Jordan had Henry observe Adam in resus for the day. He then stitched Adam up by withholding the news of Jessica giving birth and telling Adam just before their meeting with Henry. This resulted in Henry misinterpreting Adam's distress and giving him compassionate leave. An angry Adam confronted Jordan over stitching him up and through interrogation when Jordan forgot a medical term, realised there was something wrong with Jordan and that he would go to any lengths to hide it, including sacrifice Adam. Adam decided to resign rather than be pushed out but cited his many concerns about Jordan in his resignation letter. Jordan happened to read it and gave Adam an alternative resignation letter he had written, asking him to sign it. Later, Jordan froze midway through a life saving operation and Adam alone was able to come to his rescue because Adam knew of Jordan's problems. Realising he had a hold over Jordan, Adam decided against resigning and sent Jordan to his office to wait for him.

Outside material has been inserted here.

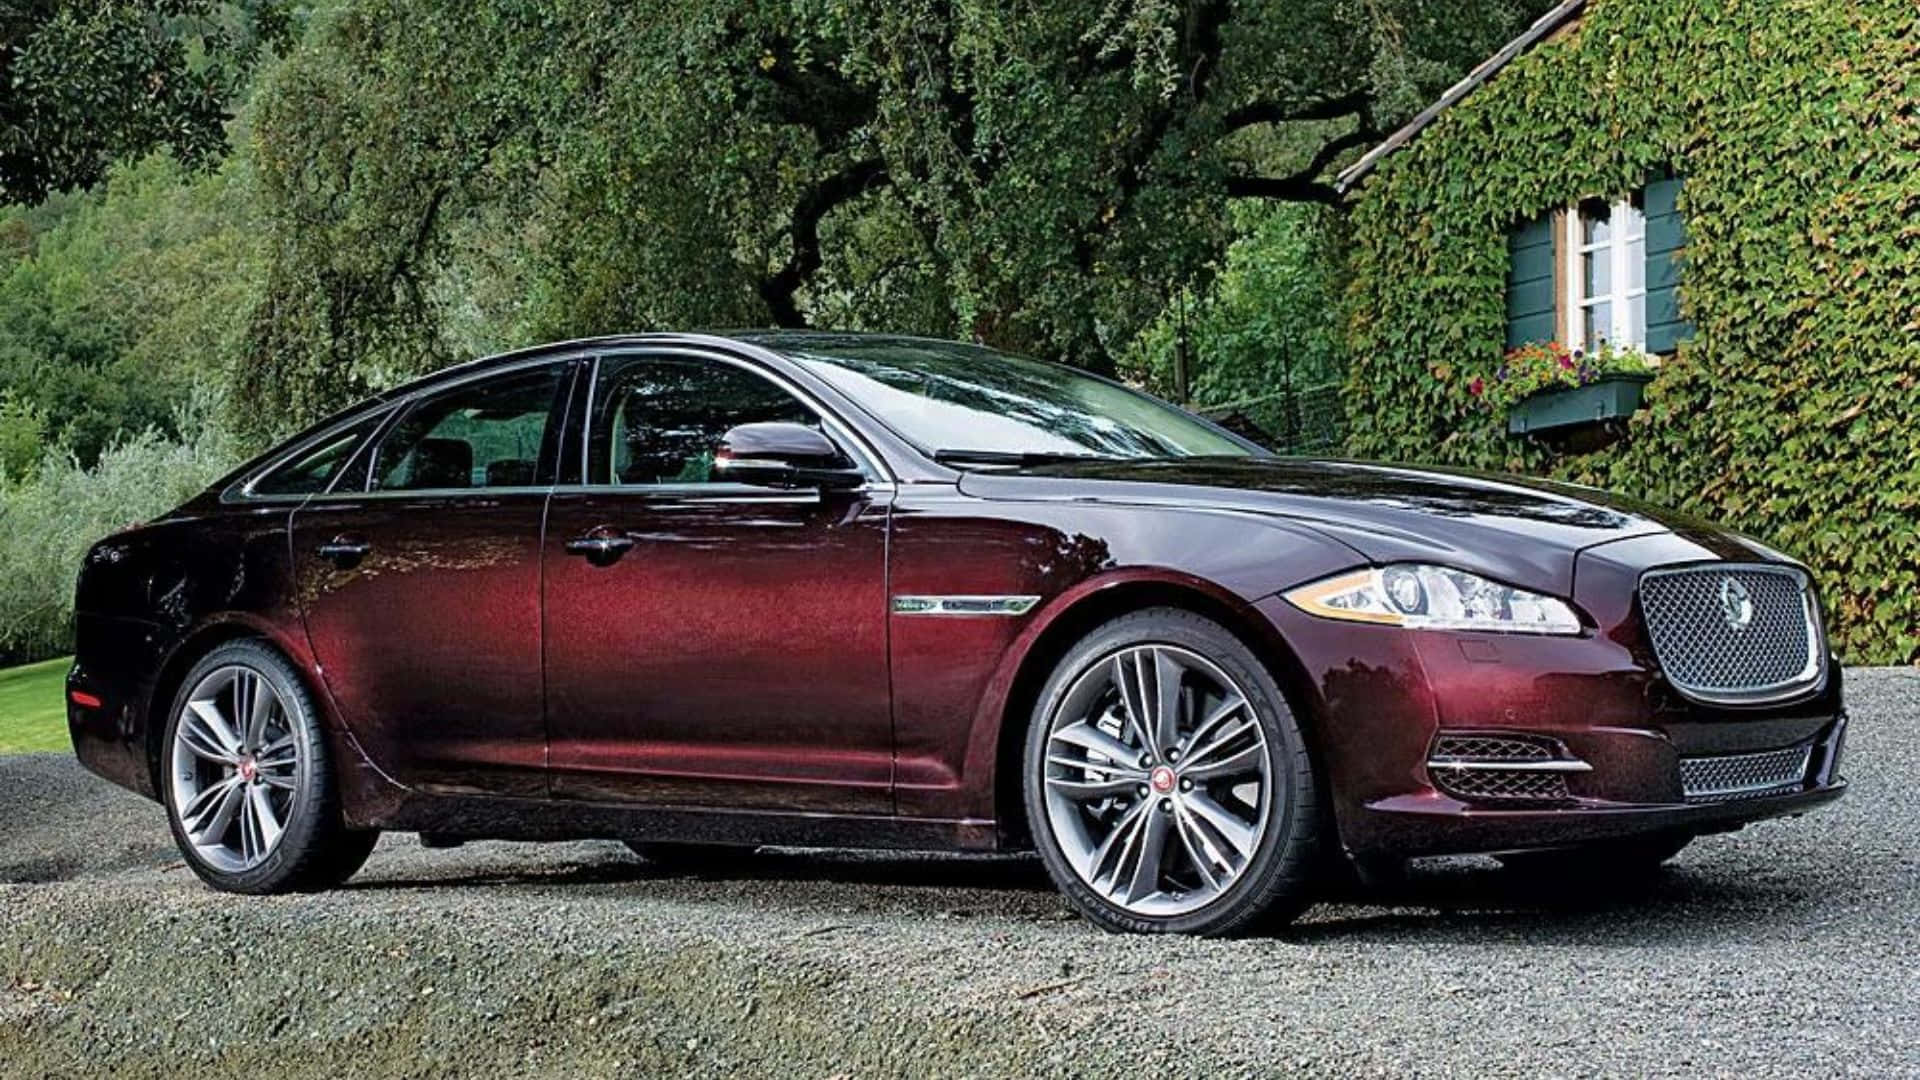 Caption: Powerful Performance And Luxury - The Jaguar Xj Wallpaper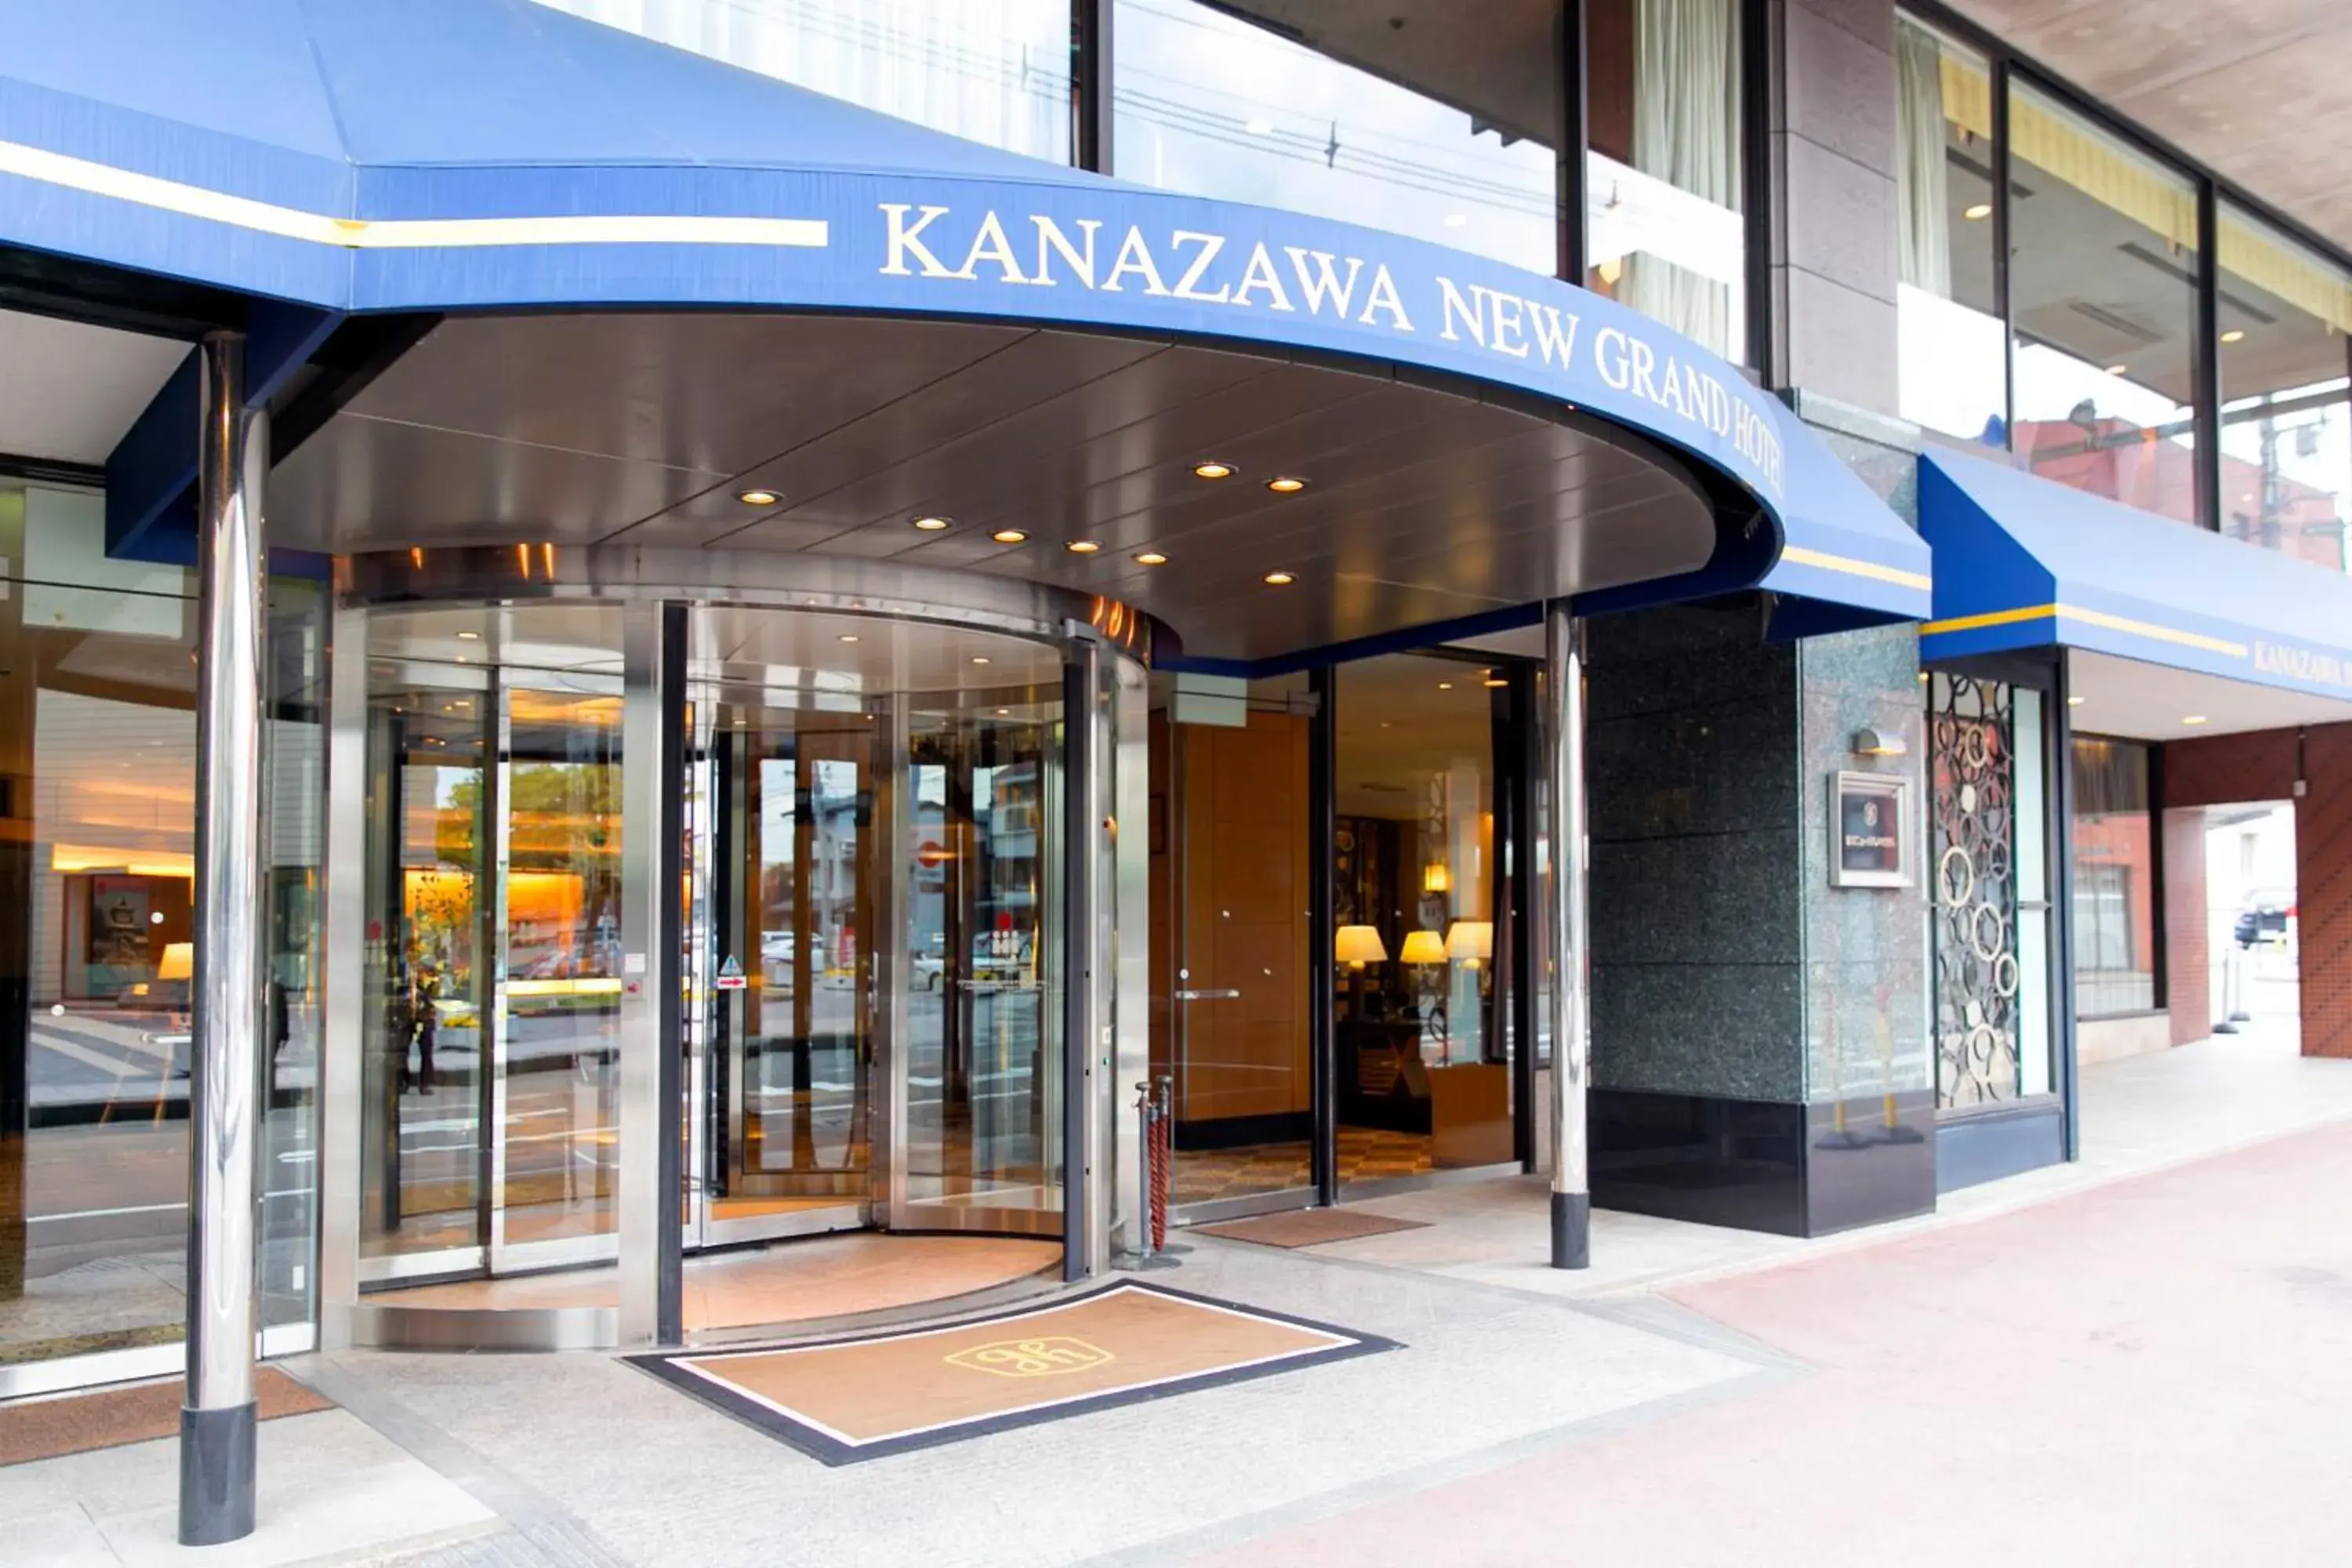 Facade/entrance in Kanazawa New Grand Hotel

Jordan confided his condition to Adam who suggest they conceal it from their boss, Professor Henry Williams, and continue to work side by side in the ED. He also suggested Jordan enjoy his last few months and offered to ease some of the workload. Jordan grew close to Zoe and a concerned Adam asked him to confide in her. He wrote a letter, leaving it in her pigeonhole but she never got round to reading it so he retrieved it. Jordan and Zoe got into a relationship and later on planned a trip to Rome together. On the day of departure, midway through examining a patient, Jordan collapsed and had a seizure. Charlie called Zoe who tried to deal with Jordan in a professional manner despite her feelings for him. From an MRI scan, Charlie and Zoe discovered the truth but concealed Jordan's fit from the rest of the staff, blaming it on a vasovagal attack. Finding out from Adam that Jordan knew he was dying, Zoe asked why he never told her and said she couldn't cope with death in her personal life as well as her professional life. Jordan then took leave off, and spent his time living in a hotel near the sea, where he develops a close relationship with an Italian woman, who was a cleaner at his hotel, and helped to look after him. Zoe, becoming increasingly worried, tries to track down Jordan, finding his hotel when Jordan nearly exposes himself saving a man's life at a party at the hotel. Jordan starts to have suicidal thoughts, and is seen with a needle and vial among his possessions, but then decides against it. When Zoe does actually meet him, Jordan does not want to have anything to do with her.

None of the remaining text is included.